Вот две женщины, им уже за тридцать. Сидят за моим столиком и болтают. Одна из них пришла с шестилетним сыном, который снует поблизости, и стоит ему подойти к столику, как разговор прерывается – на миг, в который ему дают кусочек пирожного, – и снова продолжается с такой легкостью, как будто и не прекращался. Для них я почти невидим. По крайней мере, не заметно, чтобы они смущались. Говорит другая, не та, что с ребенком:

– Уже почти шесть лет, как мы женаты, а этот идиот все не может мне этого простить.

– Маньяк, – отвечает ее подруга.

– Спит со мной, только когда у меня месячные. Все пять дней. Все остальное время даже смотреть на меня не хочет. Чем больше к нему пристаю, тем он больше бесится. Сейчас у нас отдельная квартира, можно заниматься этим хоть каждый день. Ан нет. Орет на меня. Кричит, что видеть меня не может. Сучка, орет, переспала с целым кварталом перед свадьбой.

– А чё он хотел?

– Не могла год подождать, кричит. Я, типа, ему обещала, что до свадьбы мы останемся девственными, как в романе. Что я ему, Брук Шилдс, что ли?

– А Брук Шилдс что – девственница, по-твоему? Дальше-то что?
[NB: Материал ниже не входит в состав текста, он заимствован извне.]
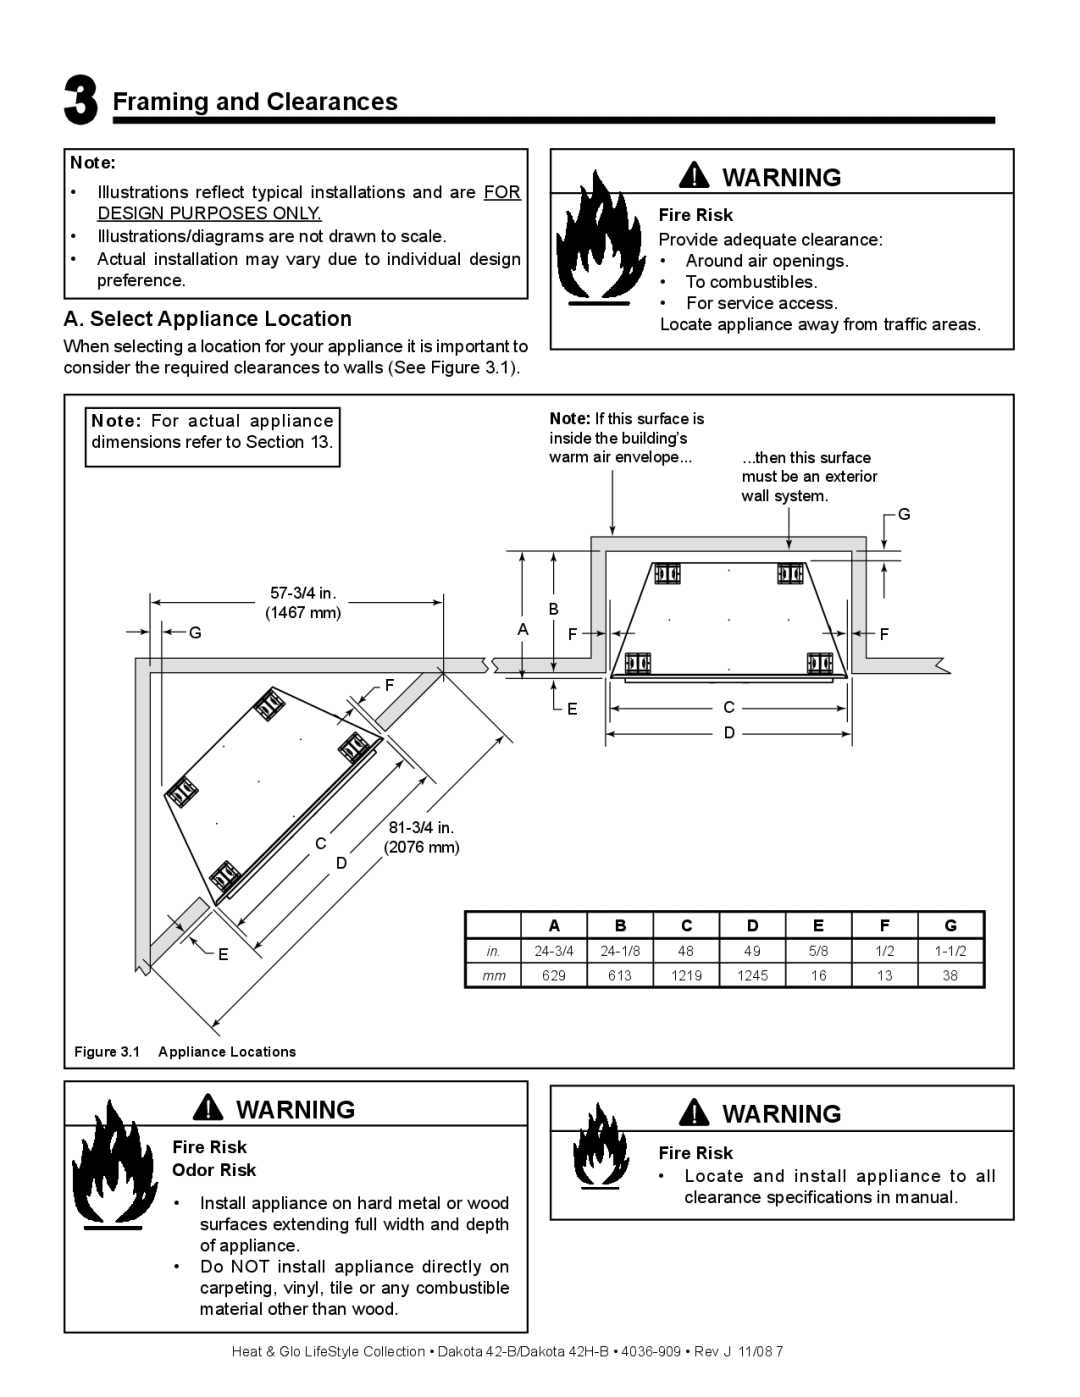 Hearth and Home Technologies 42-B, 42H-B Framing and Clearances, Select Appliance Location, Fire Risk Odor Risk

– А я, между прочим, ждала его до последнего. Но их в Коми еще на два месяца задержали. А я ж не каменная! (Тут я не выдерживаю и бросаю в ее сторону взгляд и отпиваю из чашки. Она и правда не каменная – маленькая, почти девичья грудь, вызывающе торчащая, слегка раздавшиеся бедра, все еще стройные, соблазнительные ноги с выгоревшими на солнце едва заметными волосками.) А ведь и произошло все совершенно случайно. Ну, ты знаешь, как это бывает – немного выпьешь, расслабишься, глядишь – он уже и руку запустил, а потом пошло-поехало. Мне было двадцать пять. Мужик прям дар речи потерял, когда увидел следы крови. Наверное, я была последней девственницей района. Мы с ним все перемазали. Я чуть со стыда не сгорела. На этом все и кончилось у меня с этим человеком, я его больше не видела. Должно быть, до сих пор ругает меня на чем свет стоит. Через две недели вернулся Капчо, и день свадьбы уже был назначен. Понавез всяких сервизов, колец…

– Потому что золото там дешевое.

– Он собрал много денег, и свадьба у нас была – просто загляденье. А потом, когда он понял, что я не девственница… как начал орать, что я врала ему все это время, что он там и на женщин не смотрел, пахал в две смены, и правильно над ним другие смеялись, что он, мол, мне доверяет и вкалывает ради меня, а я тут хвостом крутила. Три месяца ко мне не прикасался. На третий выждал, когда у меня дела начнутся, и мы впервые с ним переспали. Я, говорит, не стал у тебя первым, зато сейчас, мол, каждую ночь все у нас будет как в первый раз. Все пять дней, пока у меня шли месячные, он с меня не слезал. А у меня очень болезненная менструация – лежу, всхлипываю, визжу, вырываюсь. А ему это еще больше нравится. Он же этого хочет – все равно что я девственница.

– Больной он. Но и тебя убить мало, что все это терпишь.

– Ну, ему тоже не легко. И человек он не плохой. Если бы не этот бзик. Не знаю уж, что он делает все остальные дни месяца. Может, сам в ванной справляется, а может, и есть у него кто-нибудь, не знаю. Прошу его только сделать это хоть раз нормально, когда у меня нет месячных. Хотя бы раз, чтобы мне забеременеть…

Дальше оставаться неудобно. Я встаю и направляюсь к выходу. Они как будто только сейчас меня замечают, замолкают и усердно отпивают по глотку кофе. По дороге домой я думаю о том, что за прошедшие полчаса я стал намного интимнее с этими женщинами, чем когда-либо были или могли стать их собственные супруги. Неутешительный вывод. Где-то, наверное, есть другие мужчины, которые таким же образом становятся намного ближе твоей собственной жене.